| ROPES & GRAY LLP 1211 AVENUE OF THE AMERICAS NEW YORK, NY 10036-8704 WWW.ROPESGRAY.COM |
January 4, 2017 | Matthew C. Micklavzina T +1 212.841.8849 matthew.micklavzina@ropesgray.com |
VIA EDGAR
U.S. Securities and Exchange Commission
Division of Investment Management
100 F Street, NE
Washington, DC 20549-4720
Attention: Ms. Valerie Lithotomos
Re: Preliminary Proxy Statement on Schedule 14A (the “Proxy Statement”) of Schroder Series Trust and Schroder Global Series Trust (the “Trusts”) (File Nos. 33-65632 and 811-7840 and File Nos. 333-105659 and 811-21364, respectively) filed with the U.S. Securities and Exchange Commission (the “SEC”) on December 21, 2016
Dear Ms. Lithotomos:
This letter sets forth the responses of the Trusts to comments you provided to me telephonically on December 29, 2016 regarding the Proxy Statement. The Proxy Statement relates to Schroder Total Return Fixed Income Fund, Schroder Long Duration Investment-Grade Bond Fund, Schroder Emerging Markets Small Cap Fund and Schroder Short Duration Bond Fund, each a series of Schroder Series Trust, and Schroder North American Equity Fund, a series of Schroder Global Series Trust, (each a “Fund” and collectively the “Funds”).

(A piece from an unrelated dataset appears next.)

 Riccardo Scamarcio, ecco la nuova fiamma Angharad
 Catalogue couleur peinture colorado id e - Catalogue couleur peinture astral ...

For convenience of reference, summaries of the staff’s comments are set forth below, and each is followed by our response.
Questions and Answers (page 6)
1. Comment: In the answer to Question Two, please expand upon the description of the transition. Please clarify whether the transition is a reorganization of the Funds into another trust, or whether the Funds are being moved into another trust without a reorganization. Please explain supplementally why a filing on Form N-14 is not required.
Response: The transition of the Funds to the SEI Platform is not a reorganization of any of the Funds. The proposals merely seek the approvals necessary to elect the individuals who currently serve as trustees of the other funds on the SEI Platform as the Trustees of the Trust and to have SEI Investments Global Funds Services serve as the sole administrator to the Funds.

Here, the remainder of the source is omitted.